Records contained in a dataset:
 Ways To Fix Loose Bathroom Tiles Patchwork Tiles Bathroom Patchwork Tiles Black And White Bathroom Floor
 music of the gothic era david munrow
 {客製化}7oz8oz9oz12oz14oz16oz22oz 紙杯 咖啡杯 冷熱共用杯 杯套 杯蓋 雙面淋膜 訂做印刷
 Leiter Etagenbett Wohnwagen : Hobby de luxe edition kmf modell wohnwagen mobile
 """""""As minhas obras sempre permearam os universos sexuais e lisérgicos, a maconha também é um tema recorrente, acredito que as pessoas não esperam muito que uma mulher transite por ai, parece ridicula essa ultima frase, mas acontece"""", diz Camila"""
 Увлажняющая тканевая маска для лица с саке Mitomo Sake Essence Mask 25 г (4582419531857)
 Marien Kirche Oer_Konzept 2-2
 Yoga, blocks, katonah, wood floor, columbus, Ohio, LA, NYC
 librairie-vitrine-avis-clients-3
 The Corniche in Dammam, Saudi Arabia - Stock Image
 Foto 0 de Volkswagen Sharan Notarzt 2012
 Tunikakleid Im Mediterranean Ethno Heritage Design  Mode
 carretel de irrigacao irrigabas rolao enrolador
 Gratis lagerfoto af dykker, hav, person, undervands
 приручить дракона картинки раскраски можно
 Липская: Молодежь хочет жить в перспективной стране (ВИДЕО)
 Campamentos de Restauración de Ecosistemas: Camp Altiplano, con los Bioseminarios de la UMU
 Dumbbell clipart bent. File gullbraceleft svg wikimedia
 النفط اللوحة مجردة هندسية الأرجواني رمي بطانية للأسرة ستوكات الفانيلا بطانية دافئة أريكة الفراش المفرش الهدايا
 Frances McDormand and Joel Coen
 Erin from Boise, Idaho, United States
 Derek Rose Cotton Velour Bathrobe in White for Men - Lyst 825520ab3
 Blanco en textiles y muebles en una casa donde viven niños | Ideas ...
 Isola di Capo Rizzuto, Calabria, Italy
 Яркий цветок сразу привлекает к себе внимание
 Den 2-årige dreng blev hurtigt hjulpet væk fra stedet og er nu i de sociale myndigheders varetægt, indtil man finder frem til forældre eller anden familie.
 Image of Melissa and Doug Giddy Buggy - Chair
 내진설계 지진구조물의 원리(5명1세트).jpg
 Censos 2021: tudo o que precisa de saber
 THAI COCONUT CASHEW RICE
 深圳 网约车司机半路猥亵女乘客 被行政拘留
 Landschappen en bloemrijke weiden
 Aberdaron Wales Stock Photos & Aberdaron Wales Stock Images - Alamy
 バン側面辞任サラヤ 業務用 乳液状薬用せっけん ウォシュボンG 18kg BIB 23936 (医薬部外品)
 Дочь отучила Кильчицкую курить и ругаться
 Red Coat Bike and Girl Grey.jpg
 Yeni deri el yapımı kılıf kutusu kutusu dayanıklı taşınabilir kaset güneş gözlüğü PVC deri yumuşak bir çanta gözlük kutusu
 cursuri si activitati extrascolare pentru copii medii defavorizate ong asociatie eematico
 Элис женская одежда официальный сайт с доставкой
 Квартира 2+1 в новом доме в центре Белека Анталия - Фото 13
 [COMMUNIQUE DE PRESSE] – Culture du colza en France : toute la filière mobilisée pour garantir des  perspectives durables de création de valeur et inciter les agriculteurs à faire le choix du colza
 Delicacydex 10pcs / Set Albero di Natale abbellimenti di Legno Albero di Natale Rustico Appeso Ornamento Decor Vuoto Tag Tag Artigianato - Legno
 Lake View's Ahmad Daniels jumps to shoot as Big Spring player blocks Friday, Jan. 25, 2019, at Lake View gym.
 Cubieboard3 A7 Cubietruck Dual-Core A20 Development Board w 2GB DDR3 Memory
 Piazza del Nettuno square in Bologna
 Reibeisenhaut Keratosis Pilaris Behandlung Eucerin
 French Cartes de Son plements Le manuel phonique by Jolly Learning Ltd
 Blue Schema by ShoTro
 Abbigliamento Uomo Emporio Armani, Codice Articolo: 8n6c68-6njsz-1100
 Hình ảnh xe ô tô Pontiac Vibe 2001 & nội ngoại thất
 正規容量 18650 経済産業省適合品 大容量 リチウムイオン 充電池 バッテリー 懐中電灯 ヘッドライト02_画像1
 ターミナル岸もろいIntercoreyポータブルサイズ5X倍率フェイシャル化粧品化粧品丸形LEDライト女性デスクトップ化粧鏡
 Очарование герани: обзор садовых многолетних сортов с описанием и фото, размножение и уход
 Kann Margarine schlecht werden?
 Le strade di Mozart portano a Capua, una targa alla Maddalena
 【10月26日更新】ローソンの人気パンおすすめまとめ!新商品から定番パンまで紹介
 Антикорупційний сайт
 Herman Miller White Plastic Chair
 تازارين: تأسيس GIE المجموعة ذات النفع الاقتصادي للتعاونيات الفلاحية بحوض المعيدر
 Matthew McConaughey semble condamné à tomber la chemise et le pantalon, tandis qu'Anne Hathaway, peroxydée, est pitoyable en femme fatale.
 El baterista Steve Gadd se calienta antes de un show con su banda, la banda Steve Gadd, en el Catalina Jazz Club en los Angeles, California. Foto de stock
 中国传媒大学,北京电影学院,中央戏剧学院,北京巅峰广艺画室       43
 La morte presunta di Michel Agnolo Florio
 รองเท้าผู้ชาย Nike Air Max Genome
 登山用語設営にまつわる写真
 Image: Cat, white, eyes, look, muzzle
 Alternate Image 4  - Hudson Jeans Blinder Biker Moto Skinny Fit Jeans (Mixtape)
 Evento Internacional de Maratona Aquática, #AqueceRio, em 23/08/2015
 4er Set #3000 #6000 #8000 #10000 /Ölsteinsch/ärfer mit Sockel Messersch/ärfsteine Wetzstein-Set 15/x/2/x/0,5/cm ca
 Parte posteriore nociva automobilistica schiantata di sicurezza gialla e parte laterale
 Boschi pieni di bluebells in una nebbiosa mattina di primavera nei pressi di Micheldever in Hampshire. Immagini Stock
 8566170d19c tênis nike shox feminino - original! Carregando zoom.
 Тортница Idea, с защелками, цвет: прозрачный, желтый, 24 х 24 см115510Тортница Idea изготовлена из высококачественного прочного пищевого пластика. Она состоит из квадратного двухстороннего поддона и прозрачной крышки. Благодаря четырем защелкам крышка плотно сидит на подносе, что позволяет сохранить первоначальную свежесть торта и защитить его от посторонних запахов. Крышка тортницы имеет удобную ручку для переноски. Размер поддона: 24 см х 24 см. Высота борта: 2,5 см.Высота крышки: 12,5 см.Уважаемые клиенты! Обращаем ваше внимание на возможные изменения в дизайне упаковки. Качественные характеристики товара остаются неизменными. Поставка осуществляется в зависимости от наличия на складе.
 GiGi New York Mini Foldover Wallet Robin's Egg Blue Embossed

* Your task *
Exactly reproduce every line of the data above.

* Expected answer *
 Ways To Fix Loose Bathroom Tiles Patchwork Tiles Bathroom Patchwork Tiles Black And White Bathroom Floor
 music of the gothic era david munrow
 {客製化}7oz8oz9oz12oz14oz16oz22oz 紙杯 咖啡杯 冷熱共用杯 杯套 杯蓋 雙面淋膜 訂做印刷
 Leiter Etagenbett Wohnwagen : Hobby de luxe edition kmf modell wohnwagen mobile
 """""""As minhas obras sempre permearam os universos sexuais e lisérgicos, a maconha também é um tema recorrente, acredito que as pessoas não esperam muito que uma mulher transite por ai, parece ridicula essa ultima frase, mas acontece"""", diz Camila"""
 Увлажняющая тканевая маска для лица с саке Mitomo Sake Essence Mask 25 г (4582419531857)
 Marien Kirche Oer_Konzept 2-2
 Yoga, blocks, katonah, wood floor, columbus, Ohio, LA, NYC
 librairie-vitrine-avis-clients-3
 The Corniche in Dammam, Saudi Arabia - Stock Image
 Foto 0 de Volkswagen Sharan Notarzt 2012
 Tunikakleid Im Mediterranean Ethno Heritage Design  Mode
 carretel de irrigacao irrigabas rolao enrolador
 Gratis lagerfoto af dykker, hav, person, undervands
 приручить дракона картинки раскраски можно
 Липская: Молодежь хочет жить в перспективной стране (ВИДЕО)
 Campamentos de Restauración de Ecosistemas: Camp Altiplano, con los Bioseminarios de la UMU
 Dumbbell clipart bent. File gullbraceleft svg wikimedia
 النفط اللوحة مجردة هندسية الأرجواني رمي بطانية للأسرة ستوكات الفانيلا بطانية دافئة أريكة الفراش المفرش الهدايا
 Frances McDormand and Joel Coen
 Erin from Boise, Idaho, United States
 Derek Rose Cotton Velour Bathrobe in White for Men - Lyst 825520ab3
 Blanco en textiles y muebles en una casa donde viven niños | Ideas ...
 Isola di Capo Rizzuto, Calabria, Italy
 Яркий цветок сразу привлекает к себе внимание
 Den 2-årige dreng blev hurtigt hjulpet væk fra stedet og er nu i de sociale myndigheders varetægt, indtil man finder frem til forældre eller anden familie.
 Image of Melissa and Doug Giddy Buggy - Chair
 내진설계 지진구조물의 원리(5명1세트).jpg
 Censos 2021: tudo o que precisa de saber
 THAI COCONUT CASHEW RICE
 深圳 网约车司机半路猥亵女乘客 被行政拘留
 Landschappen en bloemrijke weiden
 Aberdaron Wales Stock Photos & Aberdaron Wales Stock Images - Alamy
 バン側面辞任サラヤ 業務用 乳液状薬用せっけん ウォシュボンG 18kg BIB 23936 (医薬部外品)
 Дочь отучила Кильчицкую курить и ругаться
 Red Coat Bike and Girl Grey.jpg
 Yeni deri el yapımı kılıf kutusu kutusu dayanıklı taşınabilir kaset güneş gözlüğü PVC deri yumuşak bir çanta gözlük kutusu
 cursuri si activitati extrascolare pentru copii medii defavorizate ong asociatie eematico
 Элис женская одежда официальный сайт с доставкой
 Квартира 2+1 в новом доме в центре Белека Анталия - Фото 13
 [COMMUNIQUE DE PRESSE] – Culture du colza en France : toute la filière mobilisée pour garantir des  perspectives durables de création de valeur et inciter les agriculteurs à faire le choix du colza
 Delicacydex 10pcs / Set Albero di Natale abbellimenti di Legno Albero di Natale Rustico Appeso Ornamento Decor Vuoto Tag Tag Artigianato - Legno
 Lake View's Ahmad Daniels jumps to shoot as Big Spring player blocks Friday, Jan. 25, 2019, at Lake View gym.
 Cubieboard3 A7 Cubietruck Dual-Core A20 Development Board w 2GB DDR3 Memory
 Piazza del Nettuno square in Bologna
 Reibeisenhaut Keratosis Pilaris Behandlung Eucerin
 French Cartes de Son plements Le manuel phonique by Jolly Learning Ltd
 Blue Schema by ShoTro
 Abbigliamento Uomo Emporio Armani, Codice Articolo: 8n6c68-6njsz-1100
 Hình ảnh xe ô tô Pontiac Vibe 2001 & nội ngoại thất
 正規容量 18650 経済産業省適合品 大容量 リチウムイオン 充電池 バッテリー 懐中電灯 ヘッドライト02_画像1
 ターミナル岸もろいIntercoreyポータブルサイズ5X倍率フェイシャル化粧品化粧品丸形LEDライト女性デスクトップ化粧鏡
 Очарование герани: обзор садовых многолетних сортов с описанием и фото, размножение и уход
 Kann Margarine schlecht werden?
 Le strade di Mozart portano a Capua, una targa alla Maddalena
 【10月26日更新】ローソンの人気パンおすすめまとめ!新商品から定番パンまで紹介
 Антикорупційний сайт
 Herman Miller White Plastic Chair
 تازارين: تأسيس GIE المجموعة ذات النفع الاقتصادي للتعاونيات الفلاحية بحوض المعيدر
 Matthew McConaughey semble condamné à tomber la chemise et le pantalon, tandis qu'Anne Hathaway, peroxydée, est pitoyable en femme fatale.
 El baterista Steve Gadd se calienta antes de un show con su banda, la banda Steve Gadd, en el Catalina Jazz Club en los Angeles, California. Foto de stock
 中国传媒大学,北京电影学院,中央戏剧学院,北京巅峰广艺画室       43
 La morte presunta di Michel Agnolo Florio
 รองเท้าผู้ชาย Nike Air Max Genome
 登山用語設営にまつわる写真
 Image: Cat, white, eyes, look, muzzle
 Alternate Image 4  - Hudson Jeans Blinder Biker Moto Skinny Fit Jeans (Mixtape)
 Evento Internacional de Maratona Aquática, #AqueceRio, em 23/08/2015
 4er Set #3000 #6000 #8000 #10000 /Ölsteinsch/ärfer mit Sockel Messersch/ärfsteine Wetzstein-Set 15/x/2/x/0,5/cm ca
 Parte posteriore nociva automobilistica schiantata di sicurezza gialla e parte laterale
 Boschi pieni di bluebells in una nebbiosa mattina di primavera nei pressi di Micheldever in Hampshire. Immagini Stock
 8566170d19c tênis nike shox feminino - original! Carregando zoom.
 Тортница Idea, с защелками, цвет: прозрачный, желтый, 24 х 24 см115510Тортница Idea изготовлена из высококачественного прочного пищевого пластика. Она состоит из квадратного двухстороннего поддона и прозрачной крышки. Благодаря четырем защелкам крышка плотно сидит на подносе, что позволяет сохранить первоначальную свежесть торта и защитить его от посторонних запахов. Крышка тортницы имеет удобную ручку для переноски. Размер поддона: 24 см х 24 см. Высота борта: 2,5 см.Высота крышки: 12,5 см.Уважаемые клиенты! Обращаем ваше внимание на возможные изменения в дизайне упаковки. Качественные характеристики товара остаются неизменными. Поставка осуществляется в зависимости от наличия на складе.
 GiGi New York Mini Foldover Wallet Robin's Egg Blue Embossed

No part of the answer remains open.